+++ Supplied data

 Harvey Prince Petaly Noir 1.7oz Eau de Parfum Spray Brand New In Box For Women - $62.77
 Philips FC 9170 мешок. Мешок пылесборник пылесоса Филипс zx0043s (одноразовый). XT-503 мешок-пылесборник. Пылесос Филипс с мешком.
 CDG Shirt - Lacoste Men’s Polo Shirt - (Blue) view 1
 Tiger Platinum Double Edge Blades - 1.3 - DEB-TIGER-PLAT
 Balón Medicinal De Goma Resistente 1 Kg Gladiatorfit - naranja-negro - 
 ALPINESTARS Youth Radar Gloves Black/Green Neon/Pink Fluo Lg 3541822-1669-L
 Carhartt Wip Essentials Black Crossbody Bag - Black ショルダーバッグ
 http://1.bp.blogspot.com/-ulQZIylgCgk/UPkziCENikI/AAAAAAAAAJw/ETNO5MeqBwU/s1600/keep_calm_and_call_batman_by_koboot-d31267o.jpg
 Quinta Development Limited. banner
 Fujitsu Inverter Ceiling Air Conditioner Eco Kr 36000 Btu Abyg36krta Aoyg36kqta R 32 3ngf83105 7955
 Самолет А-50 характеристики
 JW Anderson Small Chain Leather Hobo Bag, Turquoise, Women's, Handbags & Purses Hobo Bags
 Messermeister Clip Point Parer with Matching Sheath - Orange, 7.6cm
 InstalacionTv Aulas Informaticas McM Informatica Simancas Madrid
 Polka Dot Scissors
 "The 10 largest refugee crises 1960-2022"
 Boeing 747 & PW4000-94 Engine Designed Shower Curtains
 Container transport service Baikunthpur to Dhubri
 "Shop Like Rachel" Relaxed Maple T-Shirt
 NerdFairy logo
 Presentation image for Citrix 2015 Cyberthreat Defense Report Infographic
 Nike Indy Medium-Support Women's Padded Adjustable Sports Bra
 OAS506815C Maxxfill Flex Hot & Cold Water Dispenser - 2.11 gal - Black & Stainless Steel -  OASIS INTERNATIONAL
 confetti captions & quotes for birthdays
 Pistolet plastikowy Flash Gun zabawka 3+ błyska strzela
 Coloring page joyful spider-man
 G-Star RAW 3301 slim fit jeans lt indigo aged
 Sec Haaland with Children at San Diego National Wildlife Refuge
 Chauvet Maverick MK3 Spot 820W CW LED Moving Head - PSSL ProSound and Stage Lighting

++++++

Problem details:
Only the lines from the one containing "NerdFairy logo" through the final line of the data belong in the answer, repeated exactly.

Answer box:
 NerdFairy logo
 Presentation image for Citrix 2015 Cyberthreat Defense Report Infographic
 Nike Indy Medium-Support Women's Padded Adjustable Sports Bra
 OAS506815C Maxxfill Flex Hot & Cold Water Dispenser - 2.11 gal - Black & Stainless Steel -  OASIS INTERNATIONAL
 confetti captions & quotes for birthdays
 Pistolet plastikowy Flash Gun zabawka 3+ błyska strzela
 Coloring page joyful spider-man
 G-Star RAW 3301 slim fit jeans lt indigo aged
 Sec Haaland with Children at San Diego National Wildlife Refuge
 Chauvet Maverick MK3 Spot 820W CW LED Moving Head - PSSL ProSound and Stage Lighting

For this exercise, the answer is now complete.